* Given data *

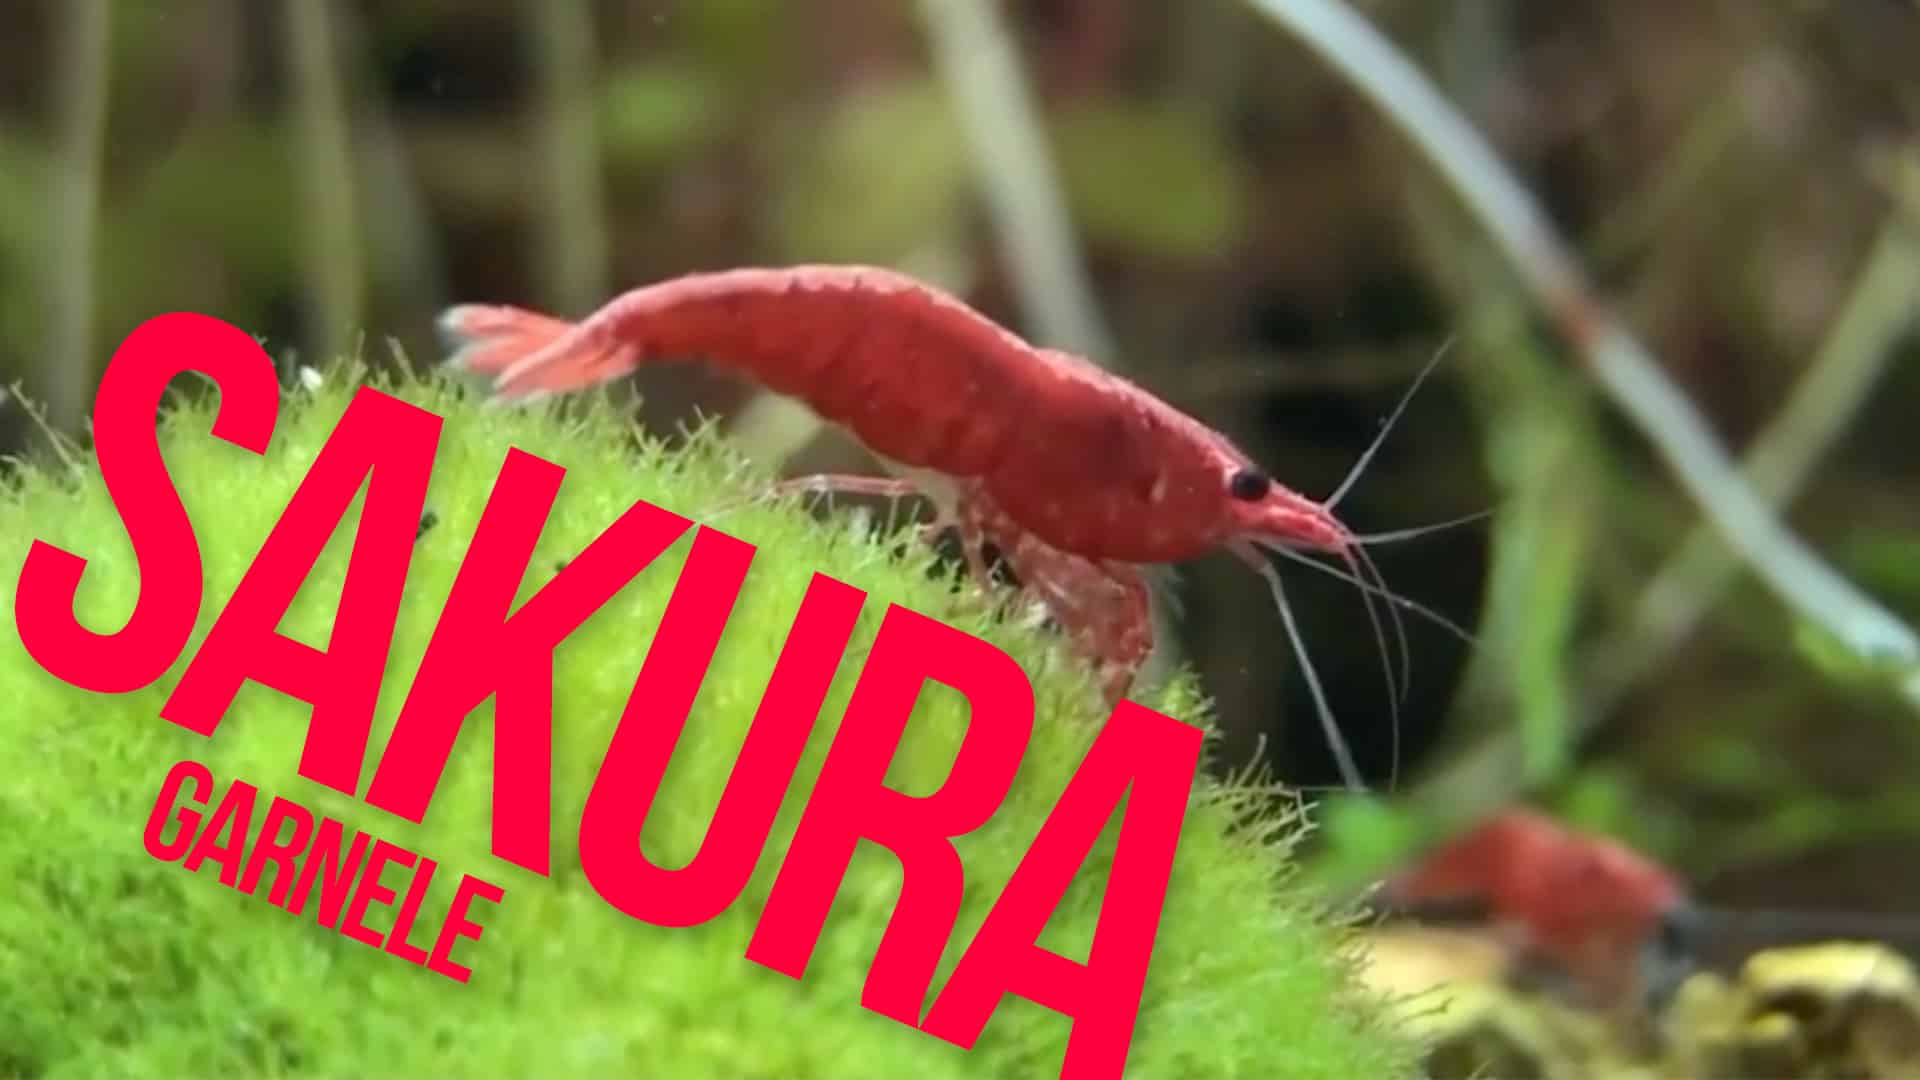 Red Fire Sakura Garnele - Video Portrait
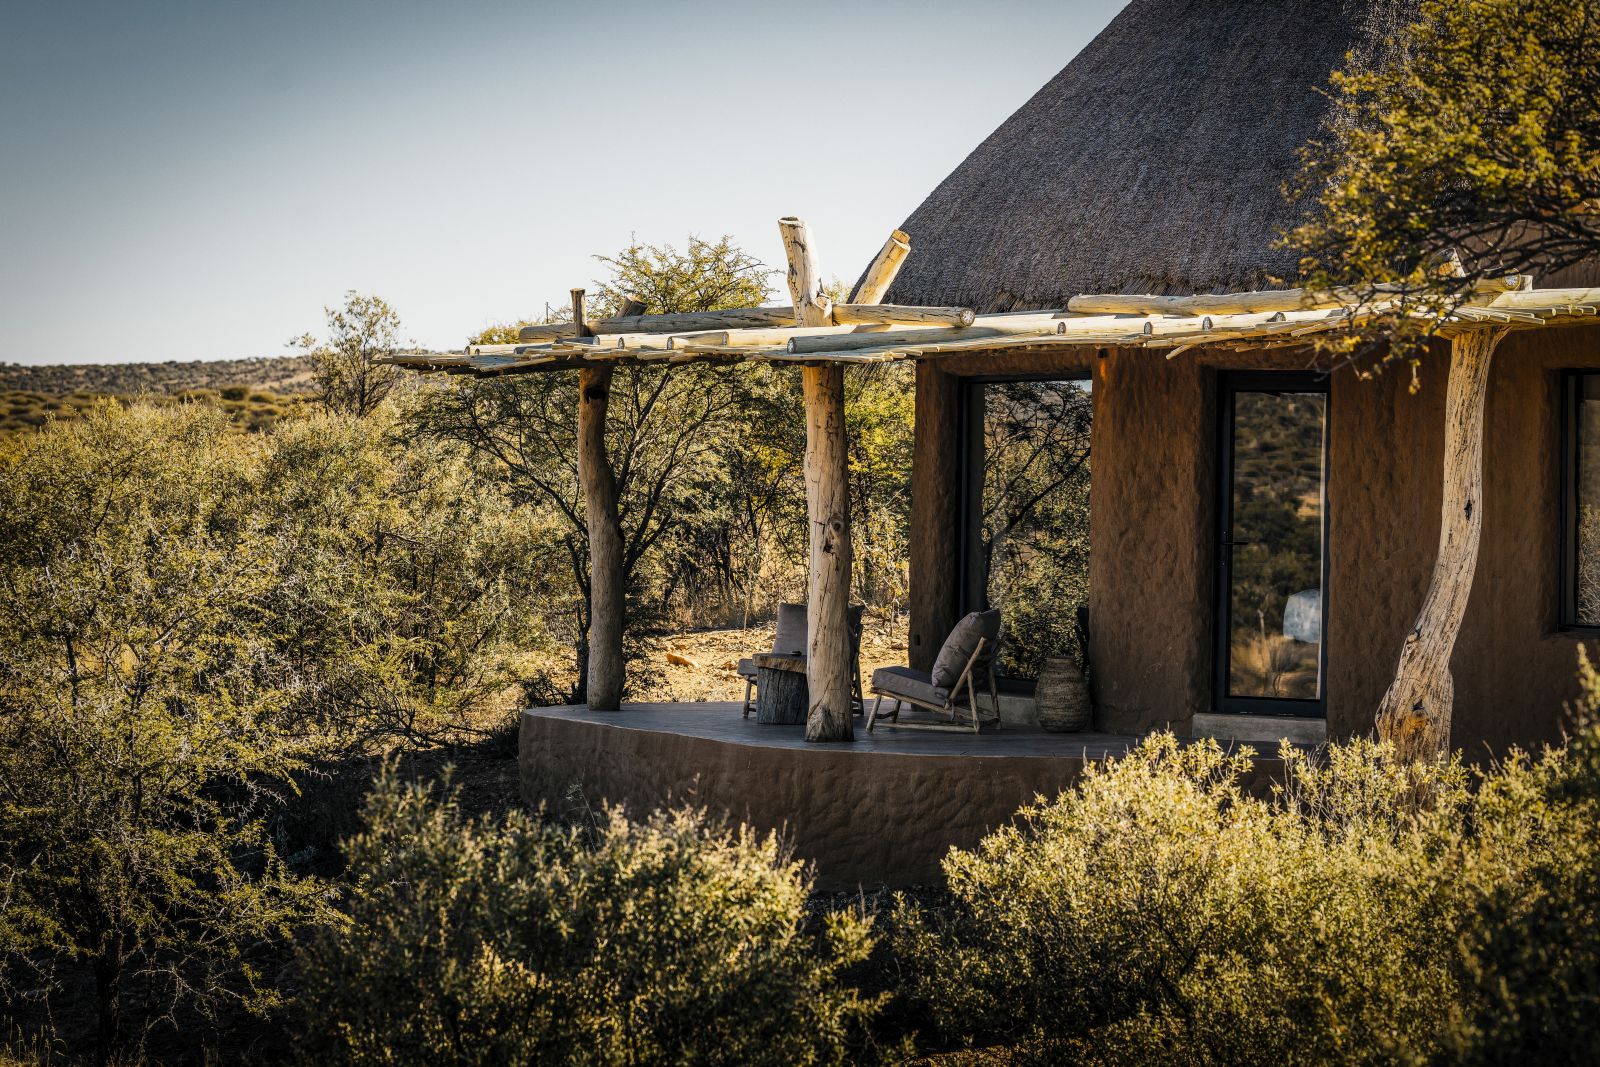 Hut 9 at Omaanda in Namibia
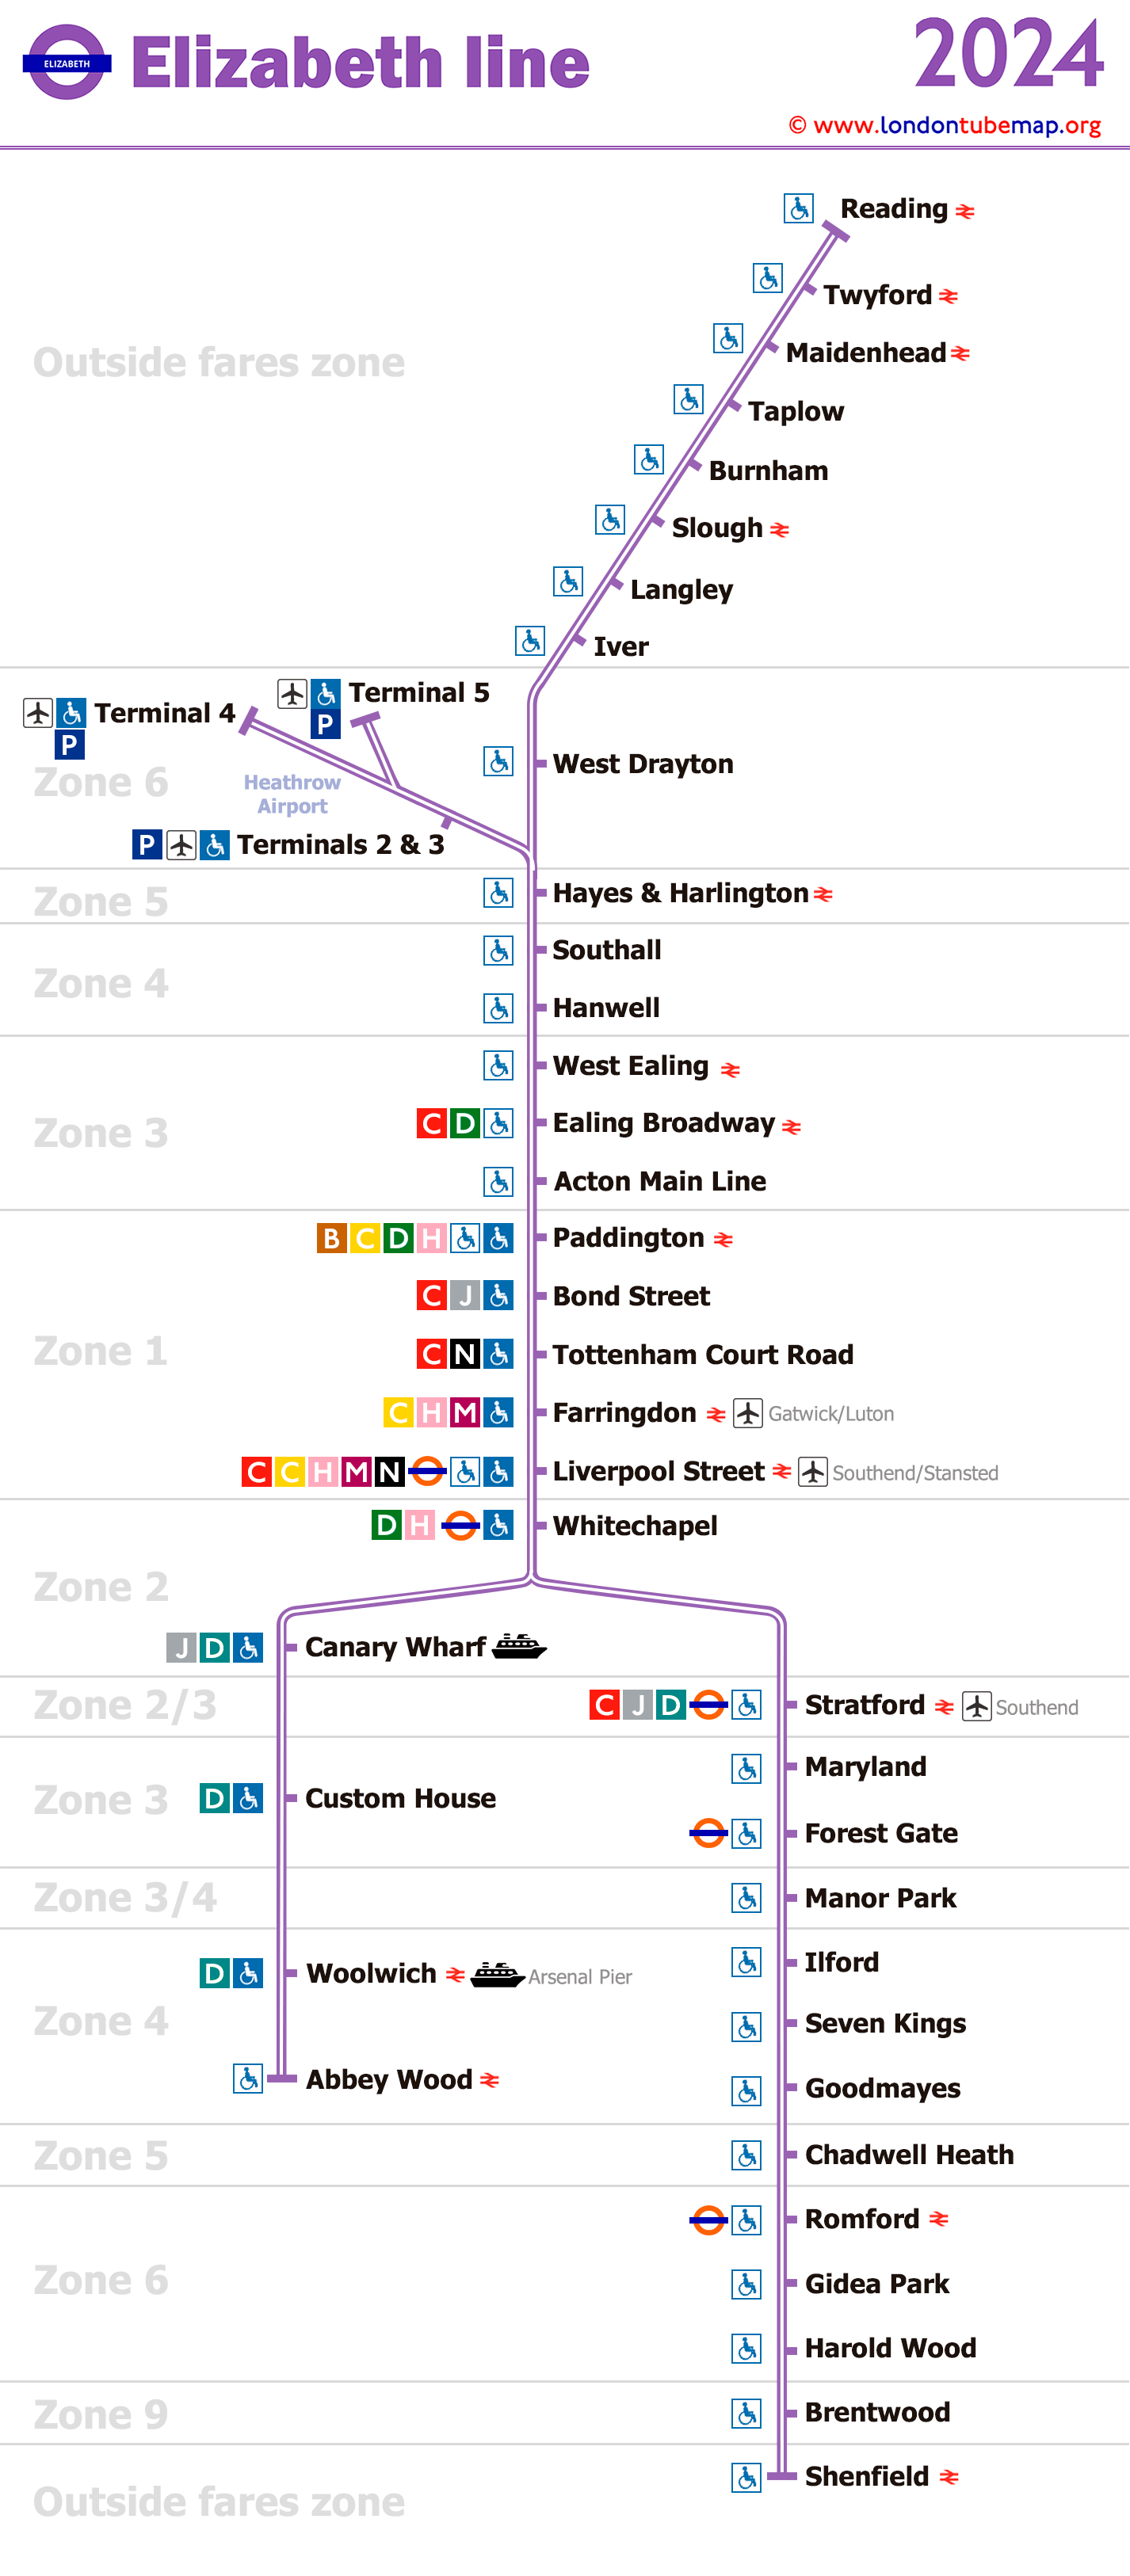 Elizabeth tube line map 2024
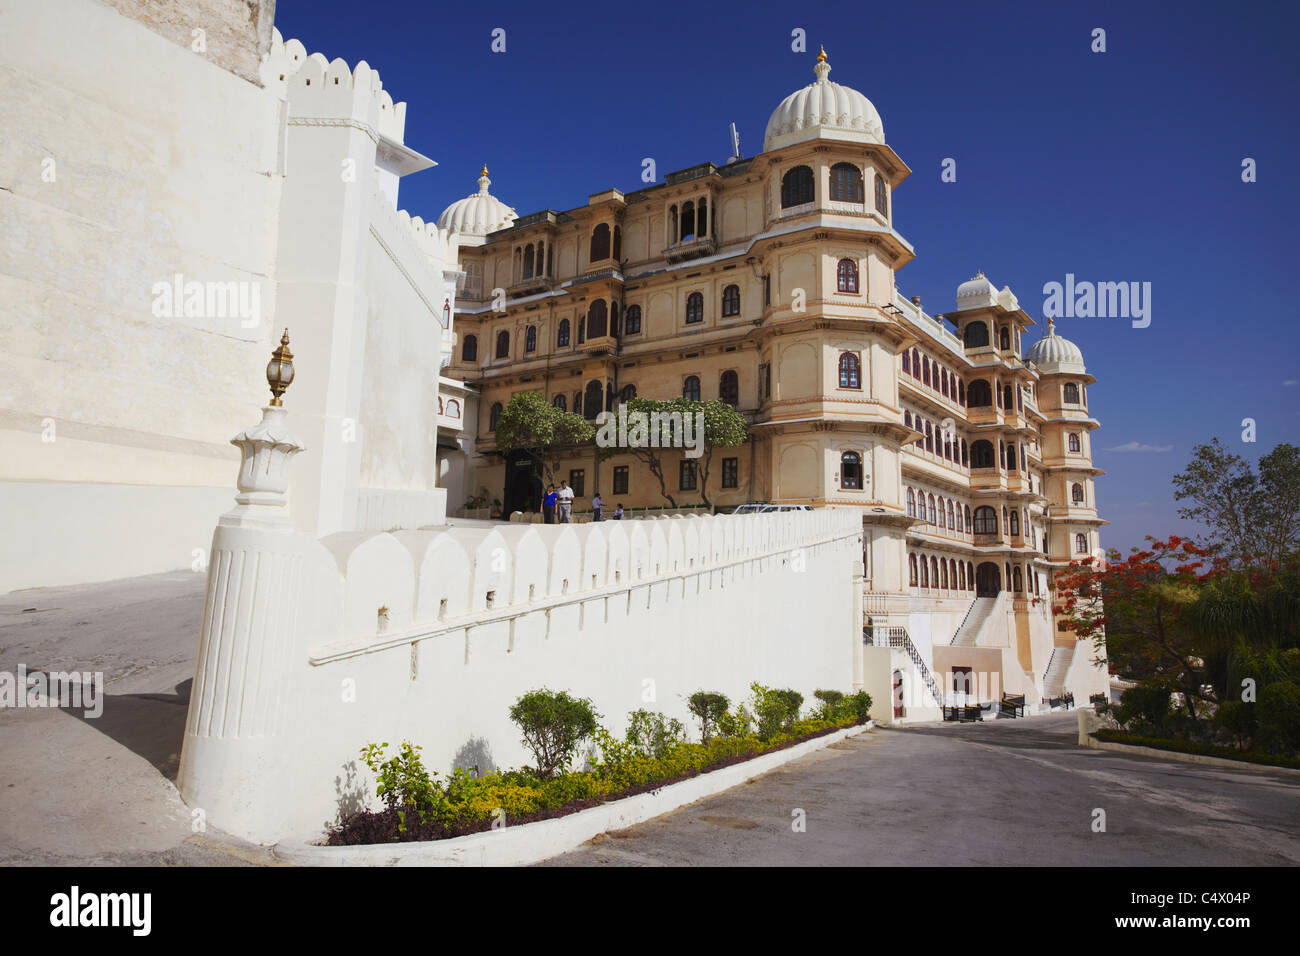 Fateh Prakash Palace Hotel inside City Palace complex, Udaipur, Rajasthan, India Stock Photo

* Task to complete *
Write out every line above exactly as it is, leaving out the pictures.

* Problem solution *
 Red Fire Sakura Garnele - Video Portrait
 Hut 9 at Omaanda in Namibia
 Elizabeth tube line map 2024
 Fateh Prakash Palace Hotel inside City Palace complex, Udaipur, Rajasthan, India Stock Photo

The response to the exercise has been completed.